- [Assignment] Transcribe the listing below exactly, without pictures.

Information shown START

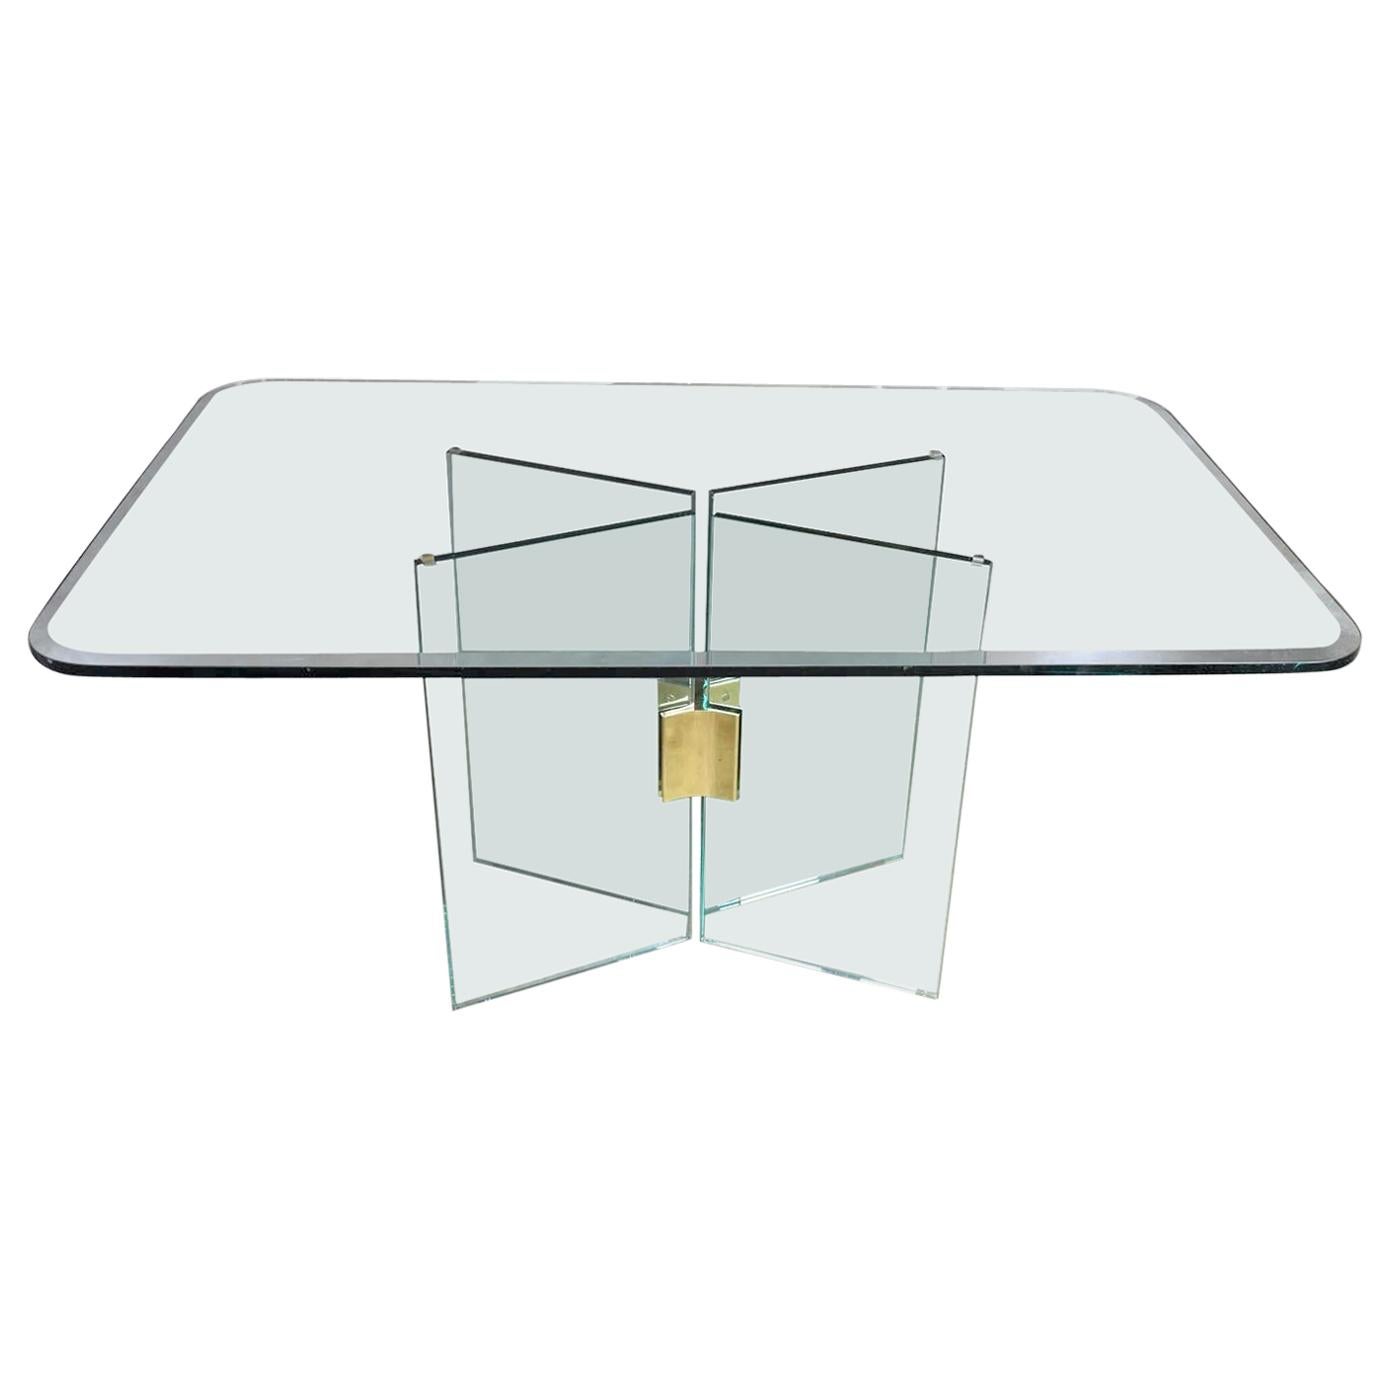 Moderner Esstisch aus Glas mit Messingbeschlägen, Pace Kollektion zugeschrieben
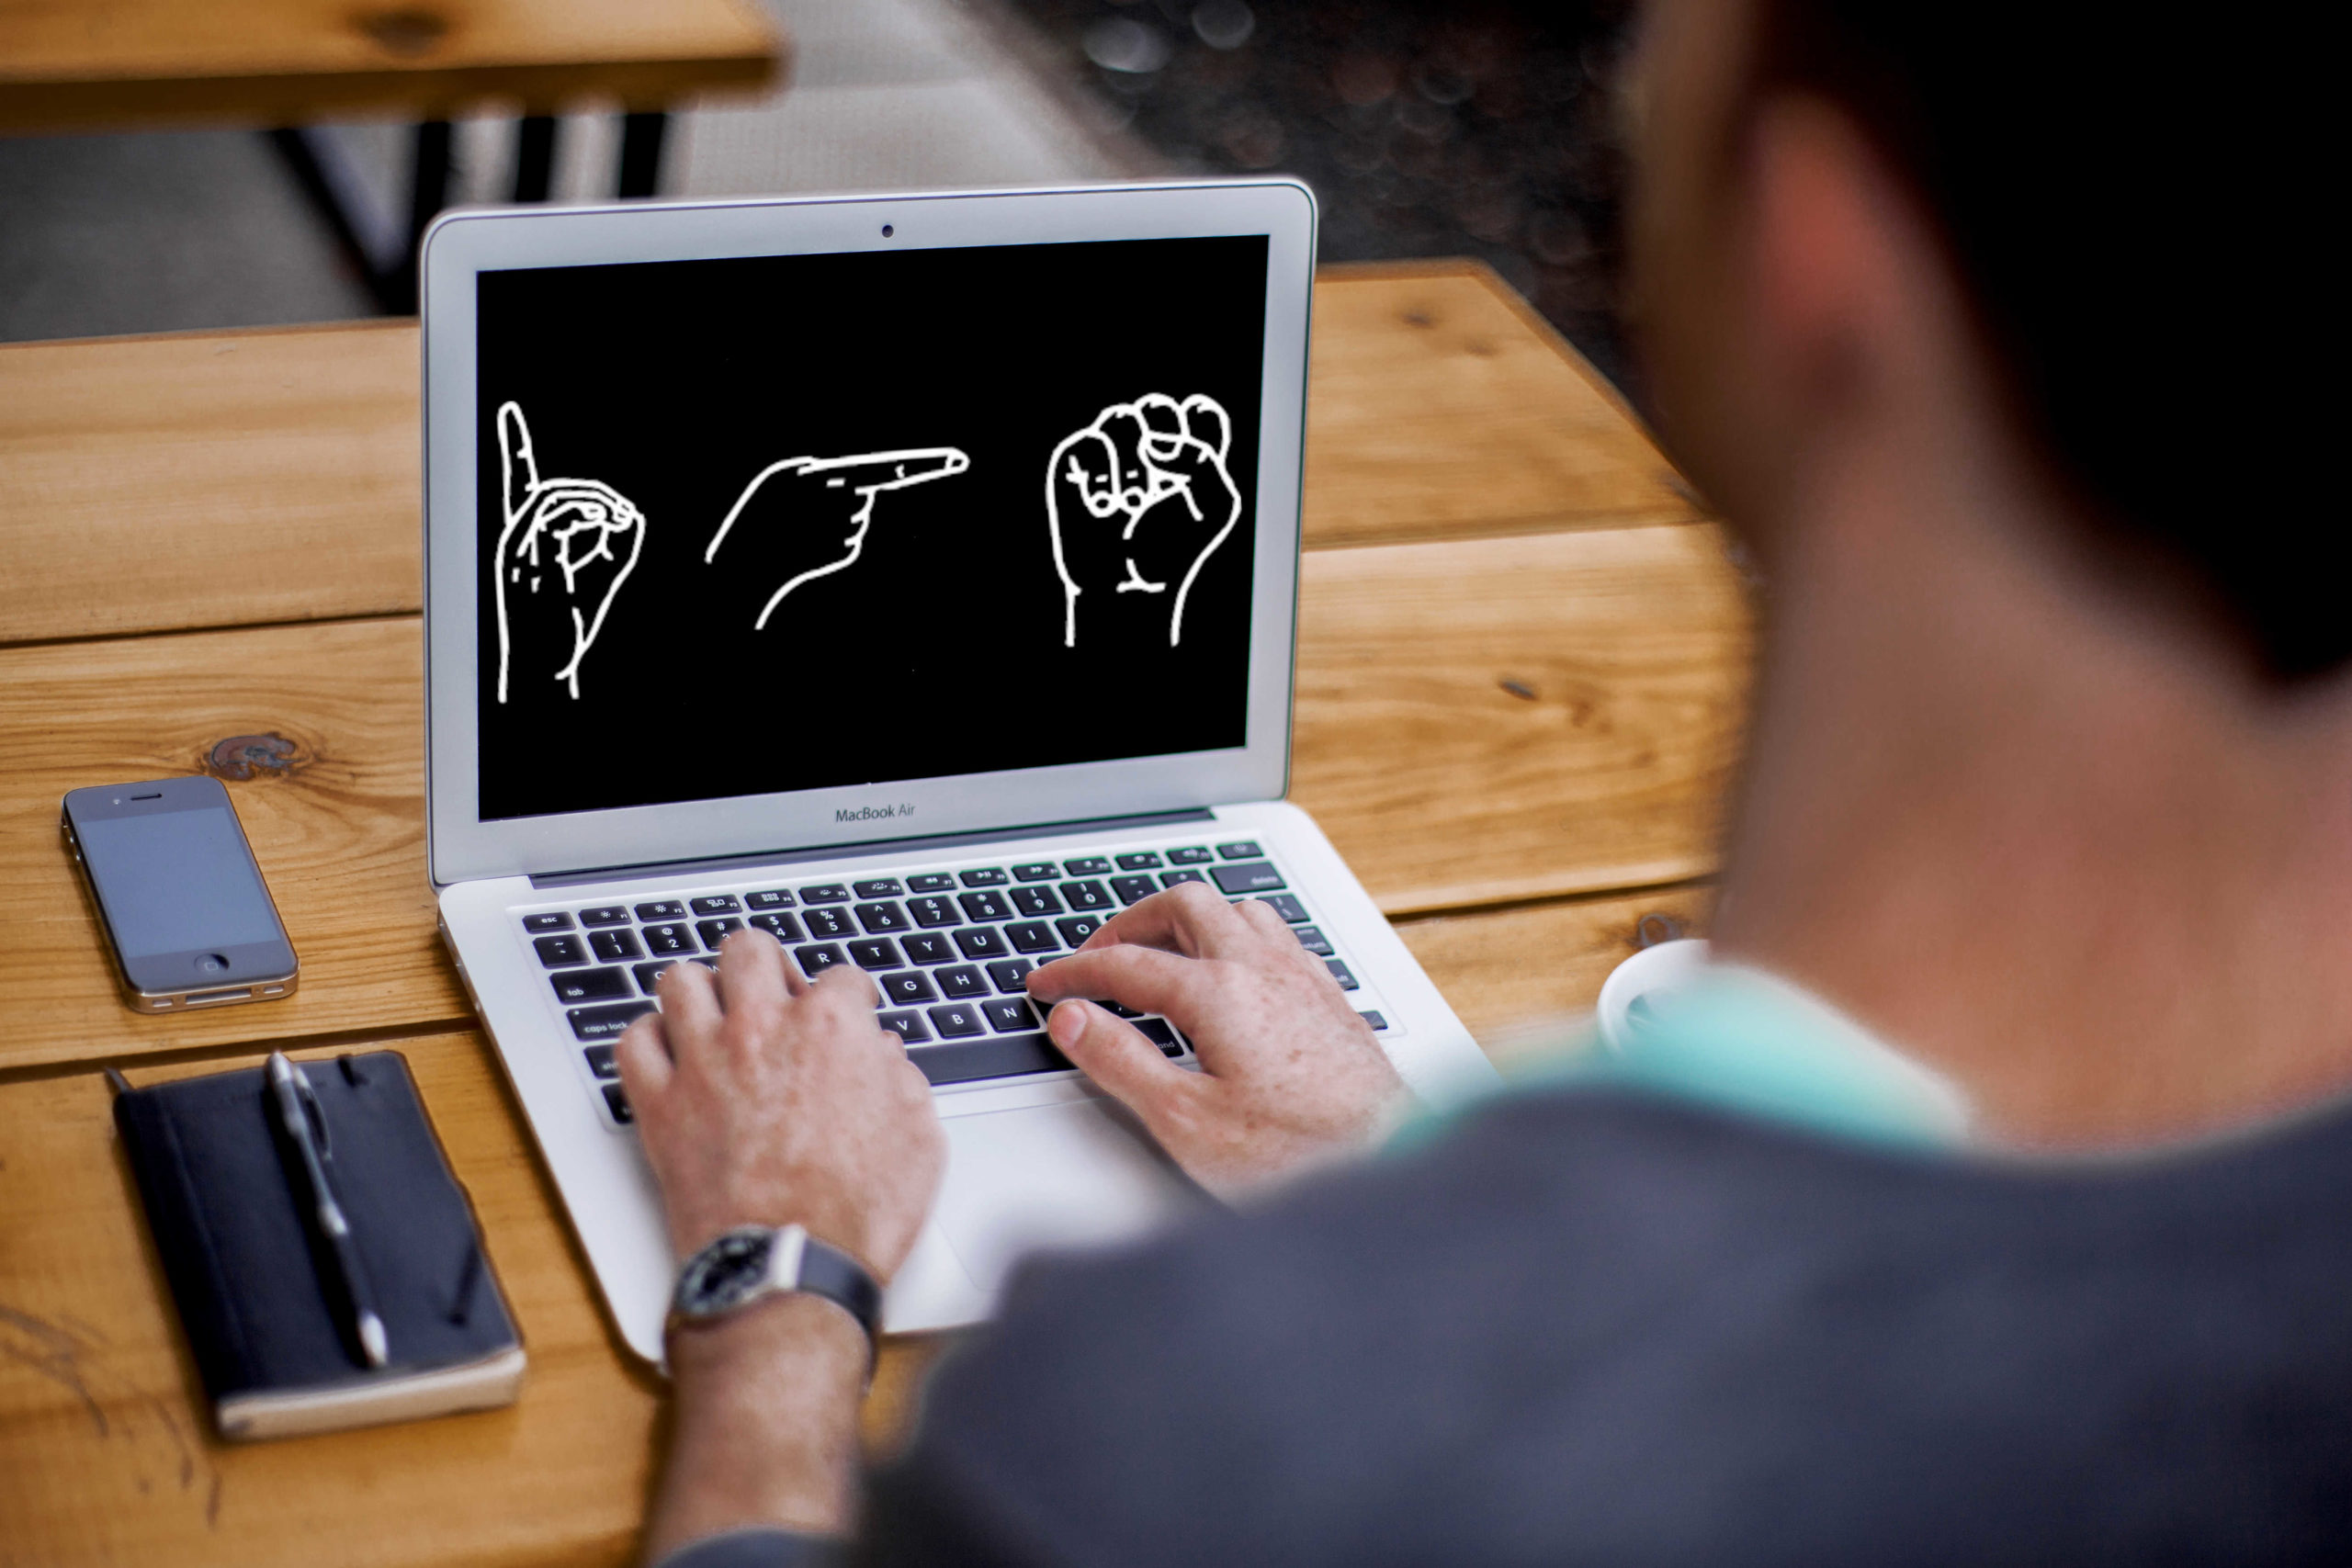 Eine Person sitzt vor einem Laptop, auf dem "DGS" im Fingeralphabet abgebildet ist.
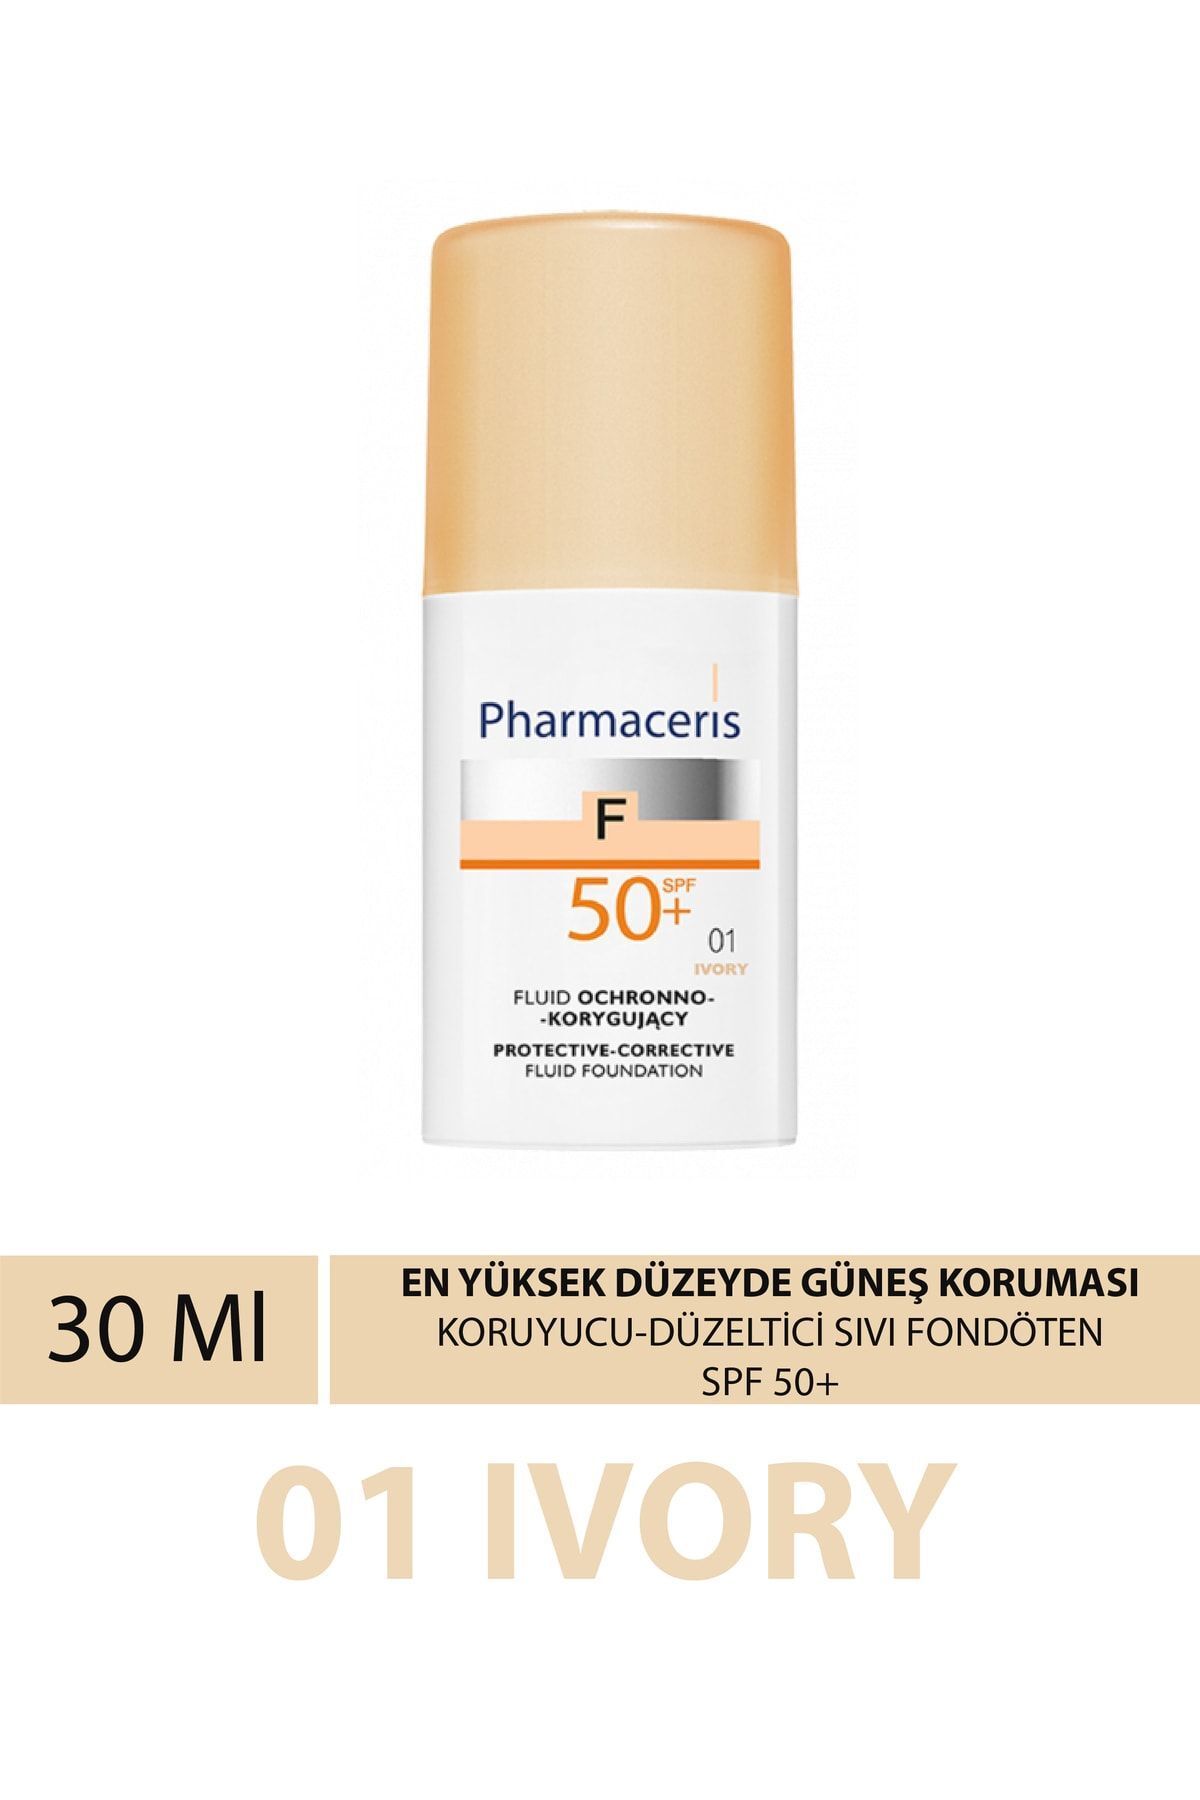 Pharmaceris Koruyucu Düzeltici Sıvı Fondöten En Yüksek Düzeyde Güneş Koruması Spf 50+ 01 Ivory

Information shown END

- [Written answer]
 Moderner Esstisch aus Glas mit Messingbeschlägen, Pace Kollektion zugeschrieben
 Eine Person sitzt vor einem Laptop, auf dem "DGS" im Fingeralphabet abgebildet ist.
 Pharmaceris Koruyucu Düzeltici Sıvı Fondöten En Yüksek Düzeyde Güneş Koruması Spf 50+ 01 Ivory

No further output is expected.